Which, for a while, Scott is. Like many famously wealthy people, Liberace is constantly afraid of being used. Indeed, his manager (brilliantly played by Dan Aykroyd) and his mother (ditto Debbie Reynolds) view him more as a business interest than a person.

But in Scott, he sees someone he can take care of and trust. The depiction of two lonely men circling each other warily but with heartbreaking hope provides the film's most powerful moments. And for a moment, it seems that love might just conquer all.

But dysfunction is a tough old queen herself, and in the end, she triumphs. Desperately afraid of aging, Lee gets another face-lift (by a plastic surgeon hilariously overplayed by Rob Lowe) and insists Scott be remodeled to resemble the artist as a young man.

Scott, already unhappy with the confines of their life — they can go nowhere in public — but panicked at the idea of losing it, agrees. During the process, he gets hooked on pills and cocaine and is soon pacing in his cage while Lee watches porn and sates his sexual appetite elsewhere.
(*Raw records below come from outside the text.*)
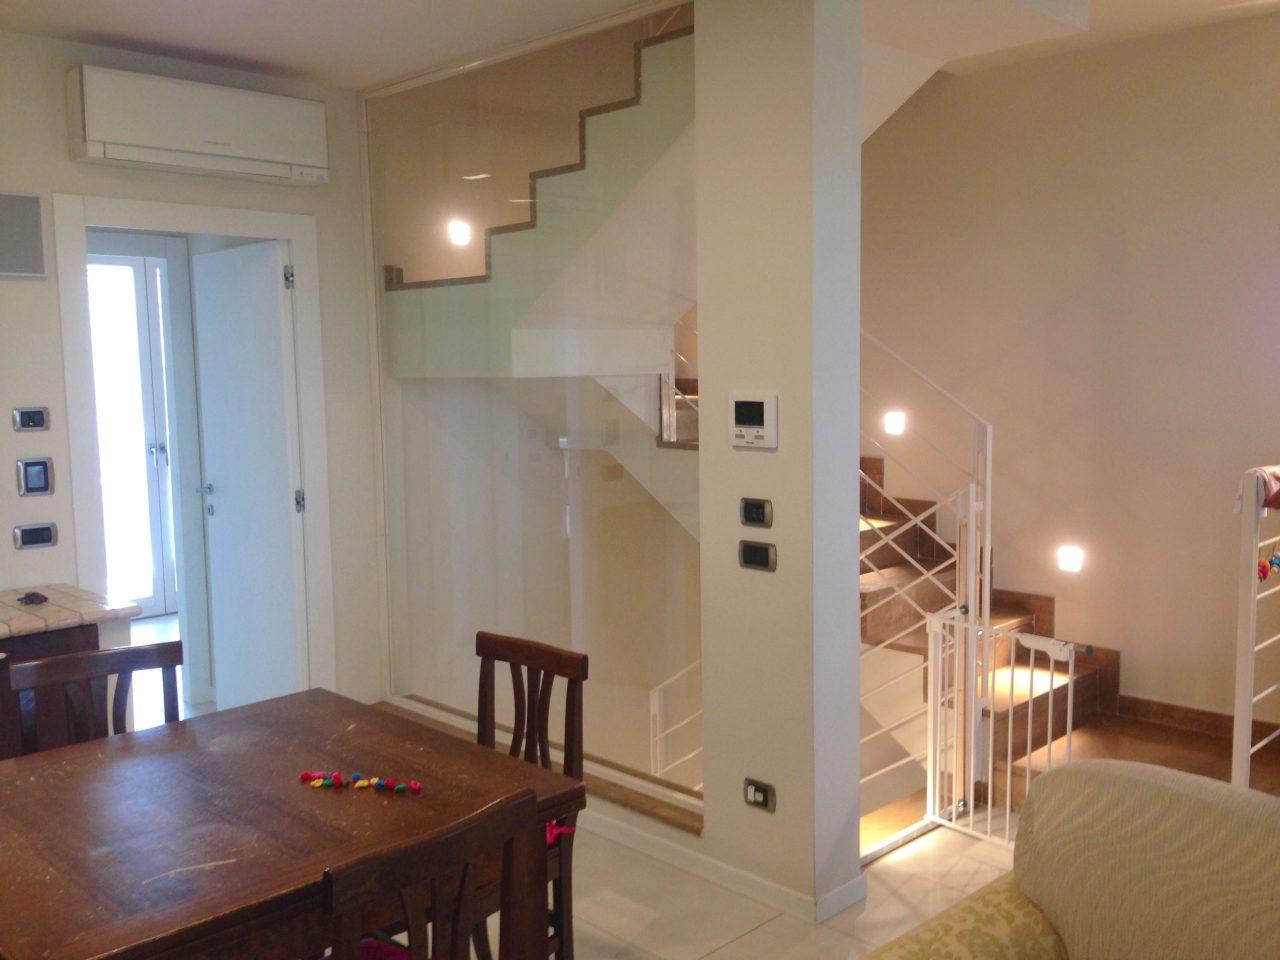 Villa a Schiera in vendita a Parma, 5 locali, prezzo € 335.000 | Cambio Casa.it
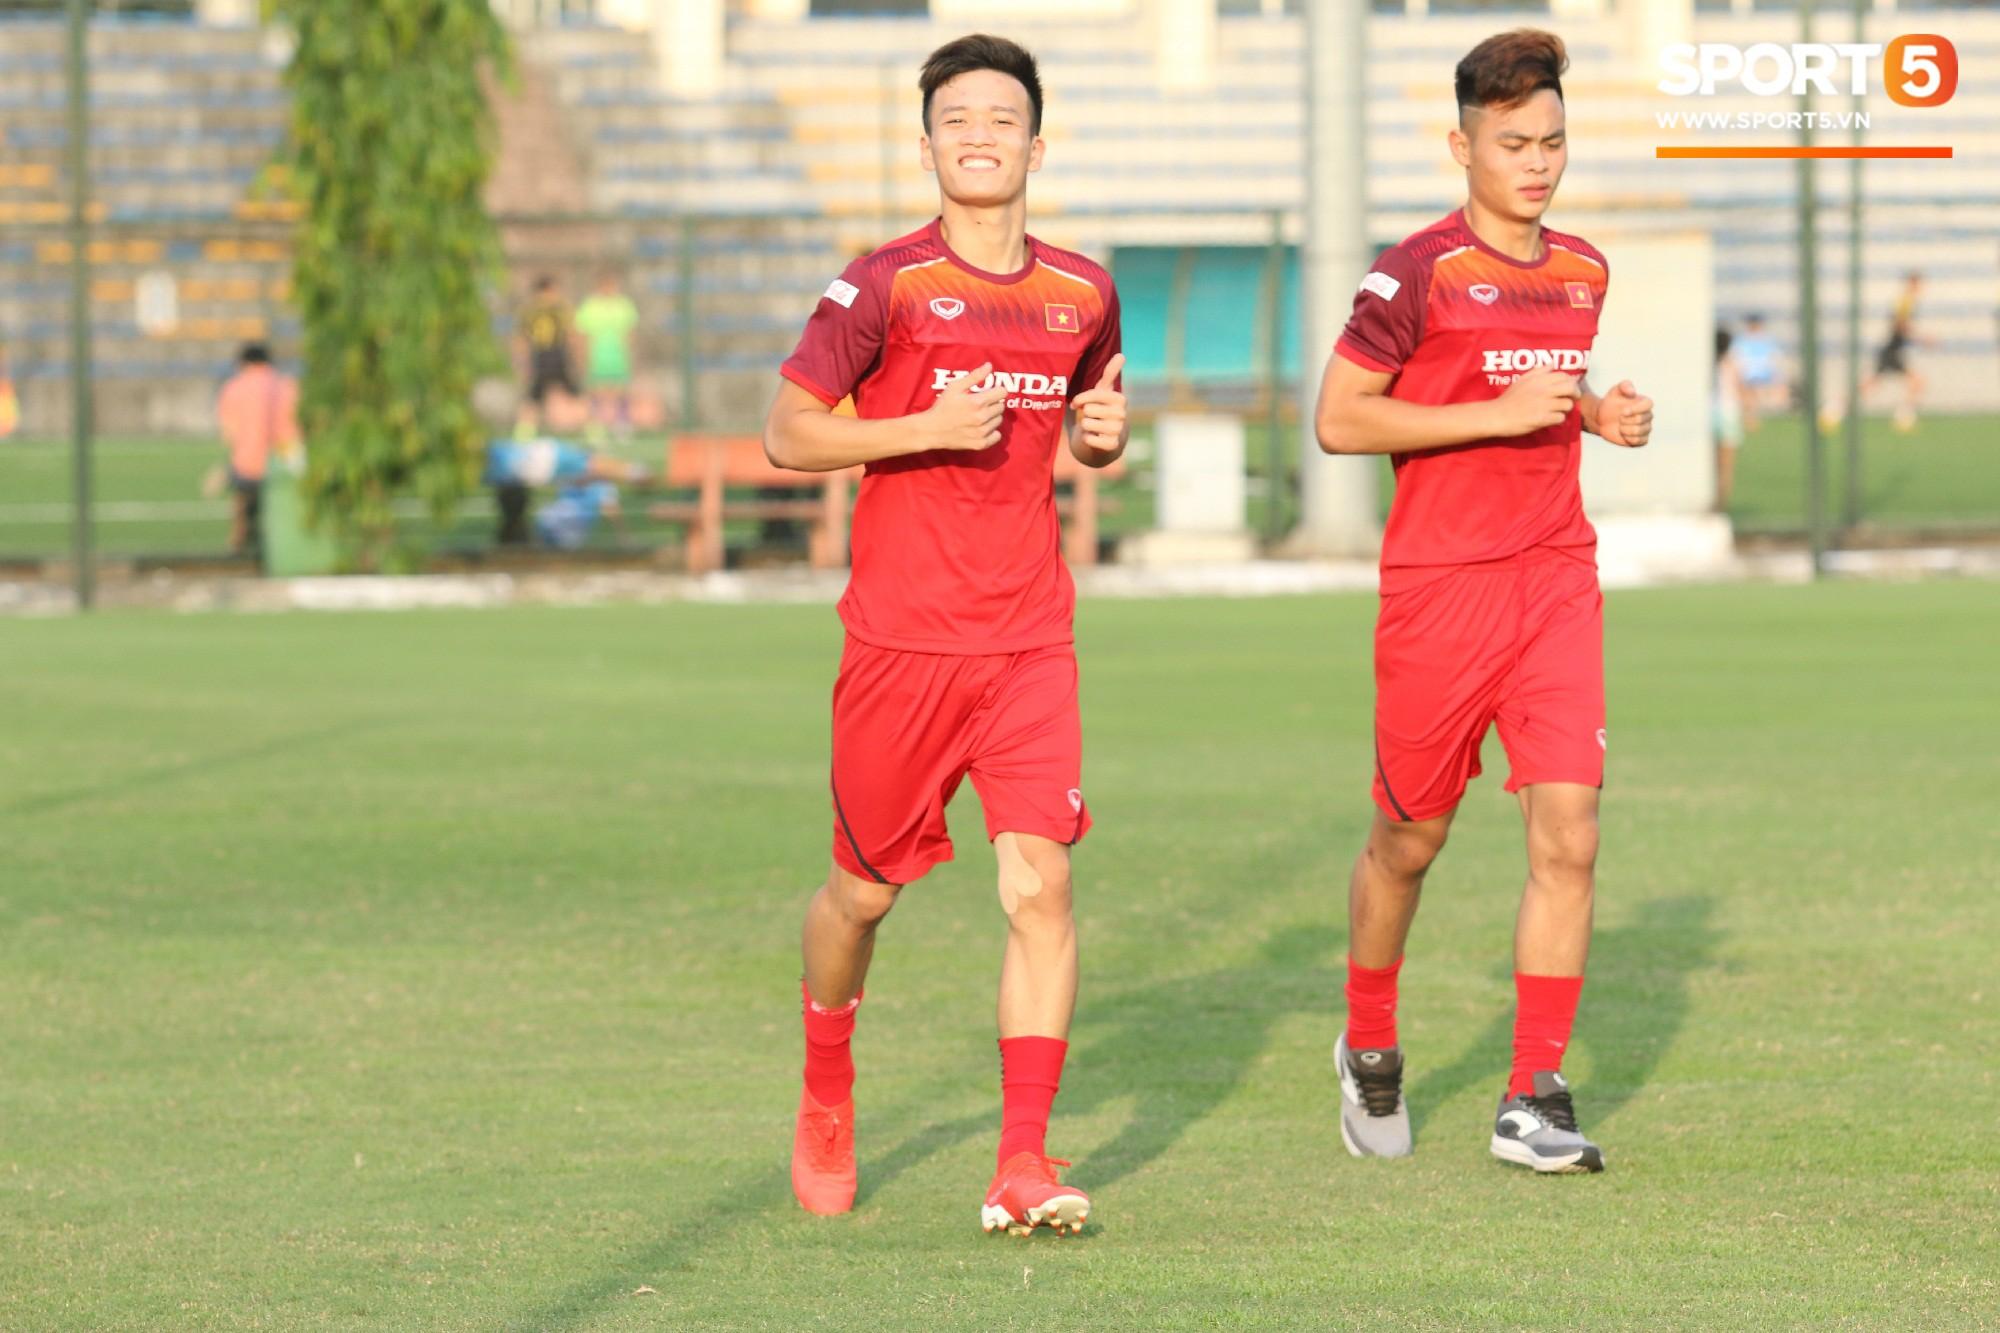 Hot boy Việt kiều chưa thể tập luyện, xót xa nhìn hàng loạt cầu thủ U23 Việt Nam chấn thương - Ảnh 4.
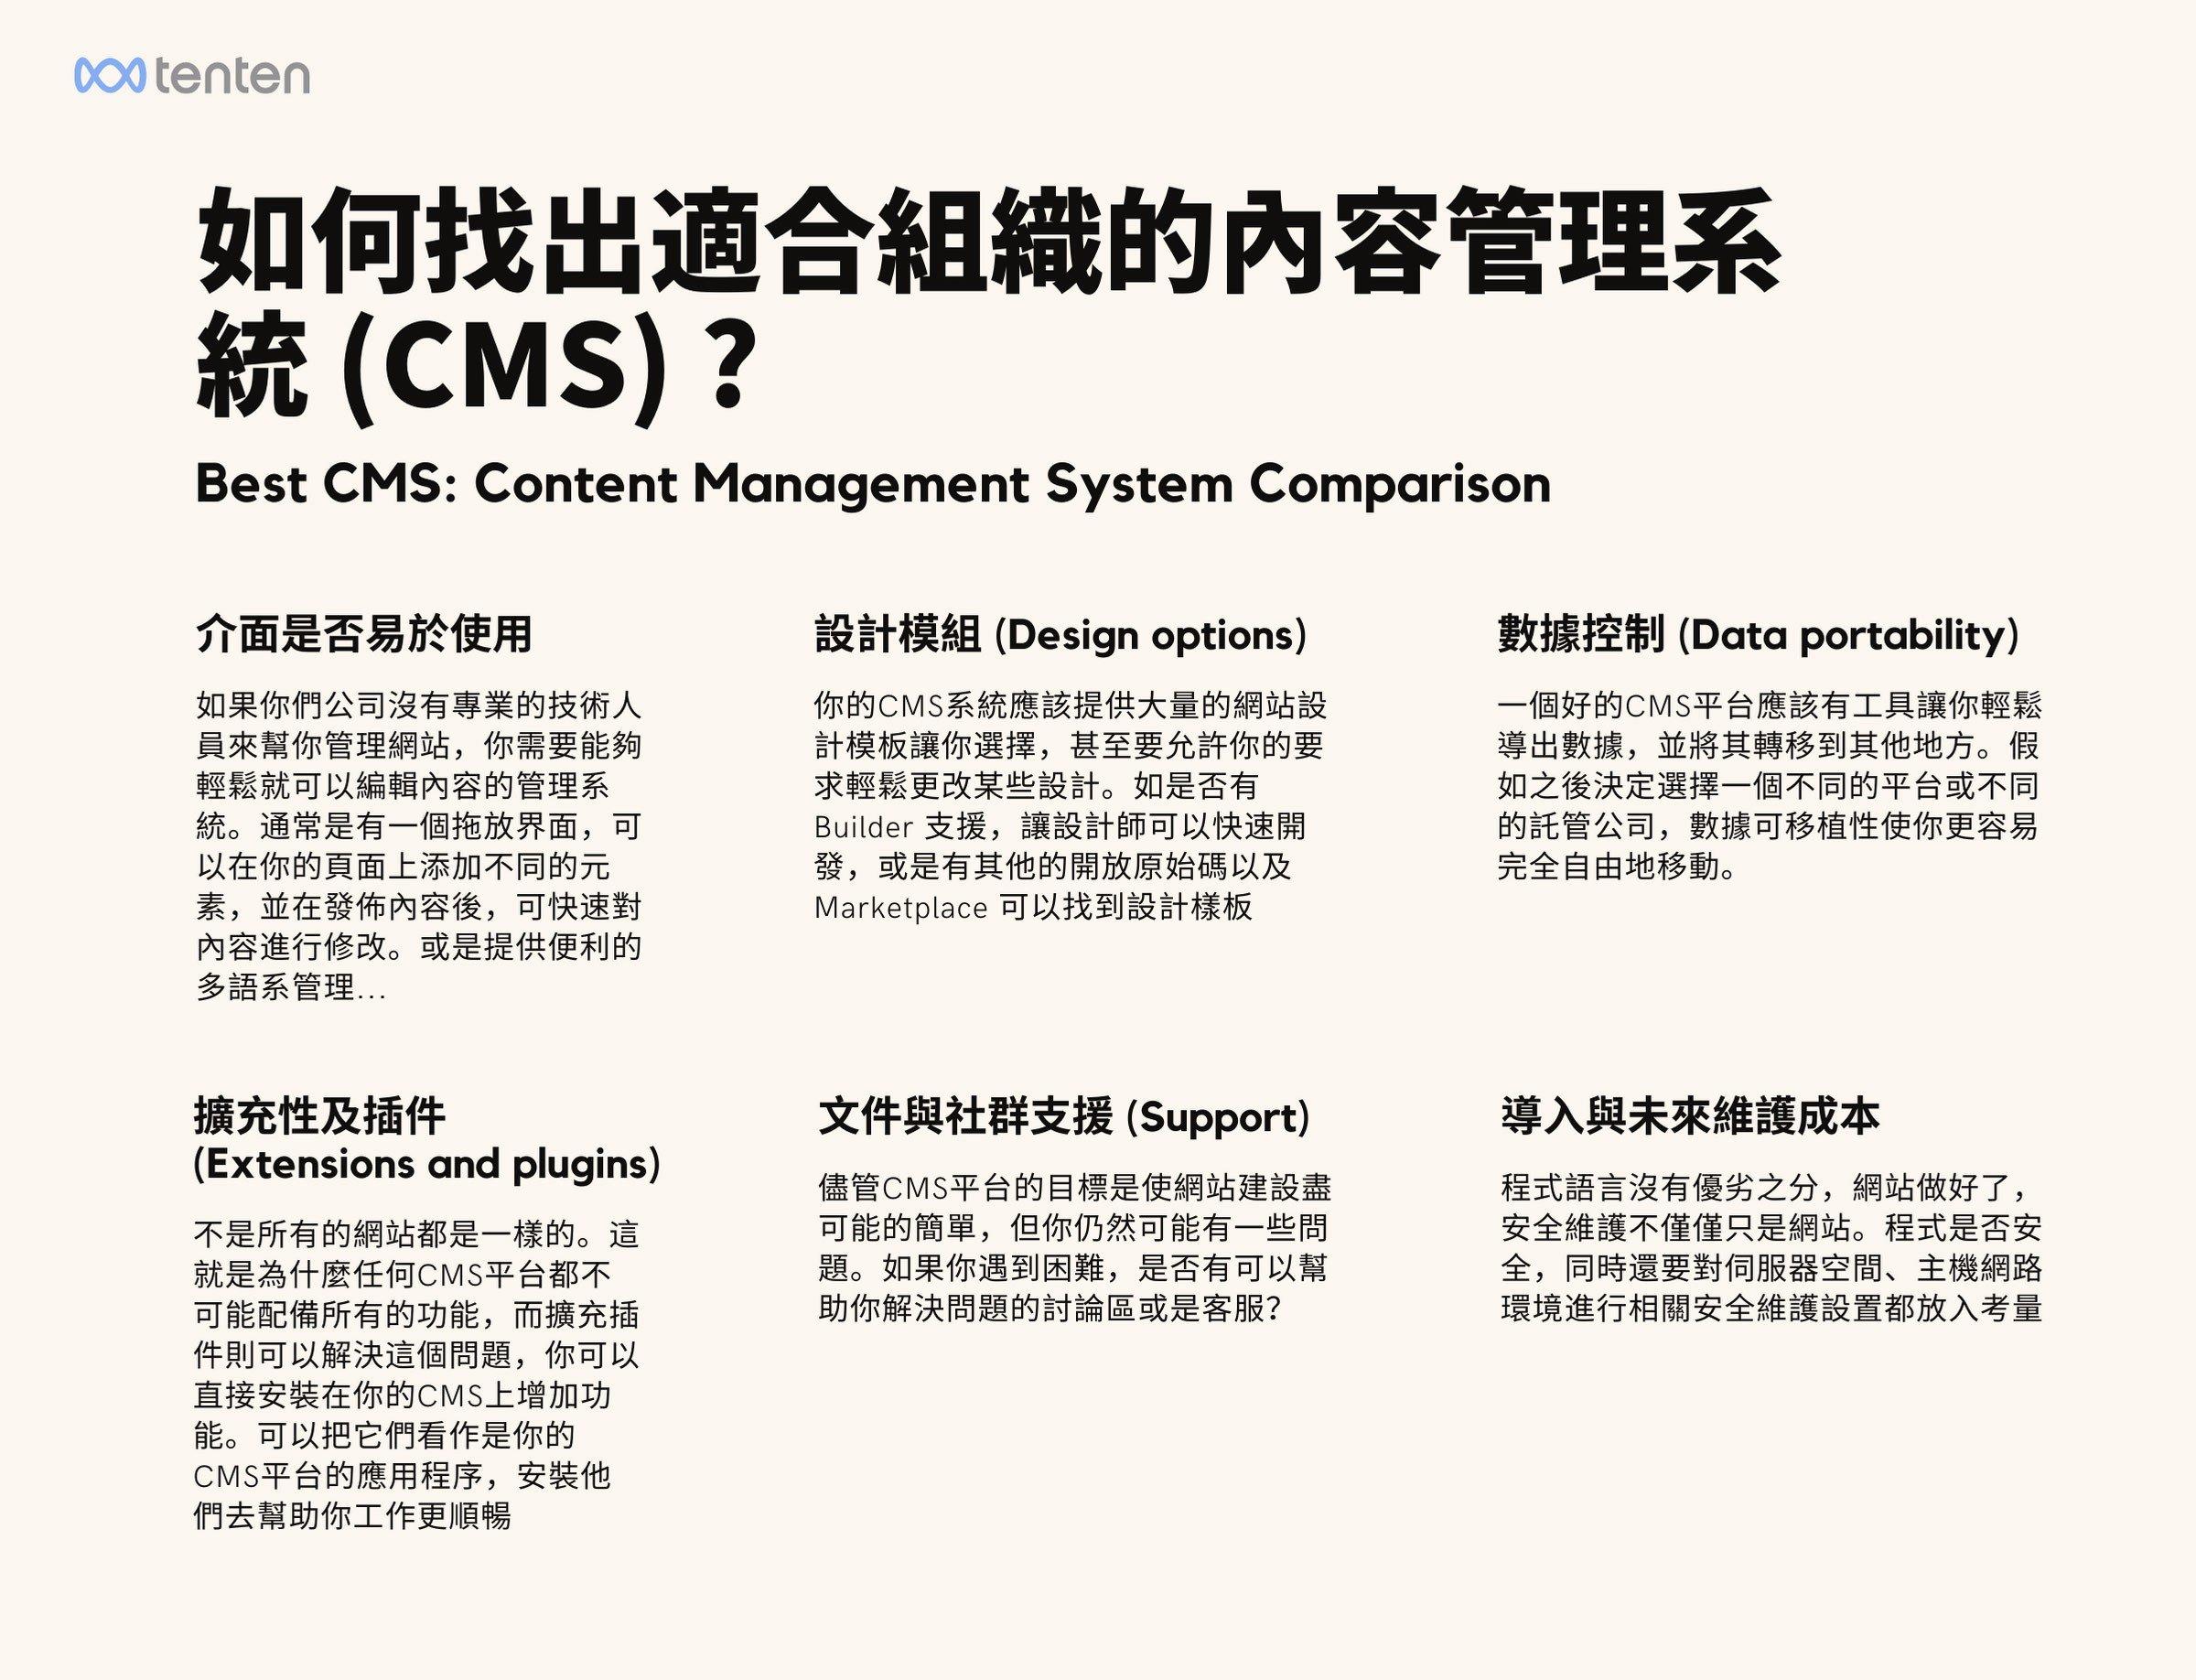 好的CMS選用準則-內容管理系統

Although not quite the high-wire act of depicting Liberace, Damon does a remarkable job with Scott. He deftly captures the quicksilver shifts in motive and desire that underlie any relationship and evokes a drug-fueled breakdown in all its jaw-clenching horror.


"Behind the Candelabra" is not the story of Liberace's life. Soderbergh is clearly captivated, as are we all, by the rot underlying the glitz, but even with Douglas' nuanced performance, the film simplifies too many things.

Some of the time spent chronicling Scott in his white thong or Lee petting his lap dogs might have been used to better flesh out the man who worked two shows a night and three on Sunday. The man who held his own against Johnny Carson and Jack Benny, and who discovered, as he died along with so many men during the AIDS epidemic, that no amount of marble and silk turns a closet into a fortress.